Definitions of a Watch Idiot Savant
Posted by LStone on June 03, 1998 at 23:38:47:
- self trained to sleep in 5 positions with wearing his/her COSC certified chronometer in bed.
- opens the back of a new Patek on the first day of acquisition and hand winds the rotor in tighten up the main spring.
- takes the 200 meter water proof Seadweller off from the wrist and puts it into the deepest pocket before walking into a storm without any rain gear.
- waits every 60 minute in front of a radio controlled clock all weekend in order to adjust all his/her 14 mechanical watches to the accuracy within -2/+2 seconds per 24 hours.
- spends $500 plus on polish equipment and materials and works 20 hours in order to refinish a $200 worth SS bracelet.
- has a annual budget of $500 on the purchase of a new watch and posts the question on the Timezone forum "which one is better? a Rolex or a TAG?"
- wears a triple date chronograph with moon phase everyday, but cannot even tell time from the basic hour and minute hands on the dial without a pair of reading glasses.
- memorizes all serial numbers of the Rolex watches made in the past 60 years but keeps forgetting the wedding anniversary.
LStone
Posted by Paul Schliesser on June 04, 1998 at 00:18:38:
- A Watch Idiot Savant is someone who can be so distracted by his watch, that he fails to note the time.
- sends his watch to the Bahamas to "unwind"
- A WIS is someone who bases his vacation destination on the water resistance rating of his watch.
- starts winding up his collection of manual wind watches and finishes the last one just as the power reserve on the first one runs out - and then starts all over again.
- ...politely asks his wife and daughter to be quiet and turns off all noisy appliances so he can listen to the roter on his new Valjoux-equipped Hamilton Chrono spin
- ...ten minutes after meeting someone for the first time, can tell you what kind of watch the person was wearing, but can't remember their name. ;-)
- A WIS is one who can tell you the start up date of most Swiss watch companies but cannot remember his anniversary or his kids birthdays.
- Can tell you the name, address and phone number of all the high-end watch stores in his home town, but cannot remember the same info re. a relatives residence.
- Remembers to wind all his watches, but forgets to take out the garbage on garbage pick-up day.

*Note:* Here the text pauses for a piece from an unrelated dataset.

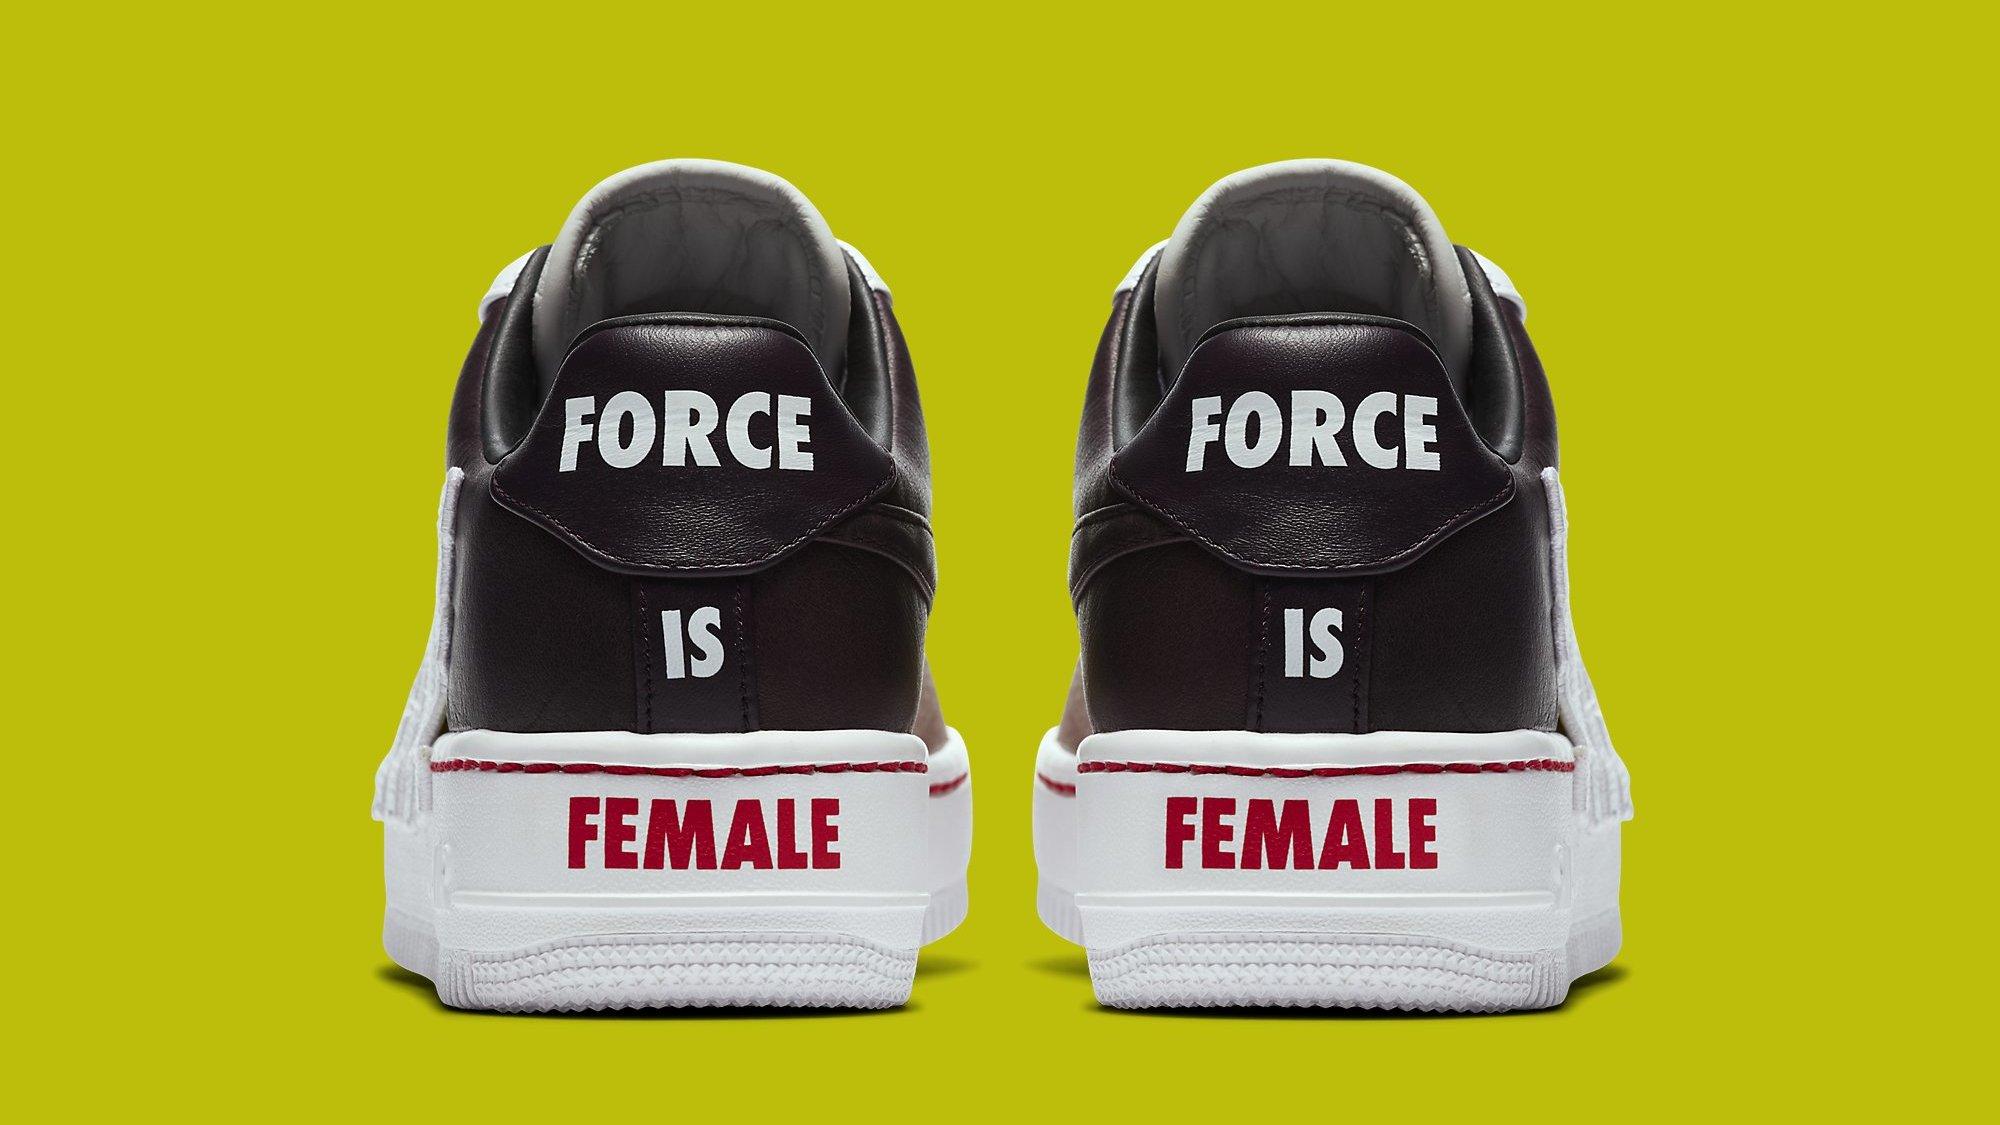 new style 033e9 f91c8 Nike Air Force 1 Upstep LX Releasing Feb. 15, 2018. | Sole ...

- Can recall every watch purchase and what he was doing at that time but cannot remember the dinner party he and his significant other are invited to that weekend.
- Posted by Mike Breinin on June 04, 1998 at 08:30:28:
- meets Cindy Crawford and notices her "my choice" Constellation long before her chest;
- Has a watch collection that equals the cost of a new 911 but drives a GEO Metro;
- Convinces his wife to put off having that next kid so he can get a Patek 5035
- Plans a vacation strictly around watch shopping;
- Has the number of the Naval Observatory Master Clock on speed-dial, or worse memorizes it;
- Buys magazines only for the watch ads, reads none of the articles;
- Is on a first name basis with all the salespeople in the local watch stores;
- Spends more time gazing at and fondling his new watch than he does his significant other;
- Thinks about watches, not baseball, during coitus.
- Has nightmares about Rolex world domination . . .
- A Watch Idiot Savant is someone who spend a large fortune on watches to have a small fortune on watches.
- someone who remembers what watch their proctologist was wearing..!!
- One who considers safe sex putting their watch in a Scatola del Tempo box!
- A watch idiot savant is a person who cannot deal with anyone whose hands don't point to 10 and 2.
- Wakes up in the emergency room and asks the nurse if his watch was scratched.
- Takes off his watch before sex.
- Knows the two-letter Internet country code for Switzerland.
- Gets his watches serviced more often than he gets his cars serviced.
- Thinks that Ferraris are made by Girard-Perregaux and wonders why Porsches are made by so many different companies.
- Knows how to set every chronograph ever made but has no idea how to make his VCR display anything besides 12:00.
- Owns more watches than the guy selling fake Rolexes on 42nd Street.
- Thinks that Gilbert and Schugart wrote "HMS Pinafore".
- Actually looks forward to having strangers ask him for the time.
- Buys a Tag-Heuer so his 3-year-old can learn to tell time.
- Owns $15K worth of watches and wakes up to a $15 Sony digital alarm clock.
- first thinks of movements, not modems, when hearing the number 28,800.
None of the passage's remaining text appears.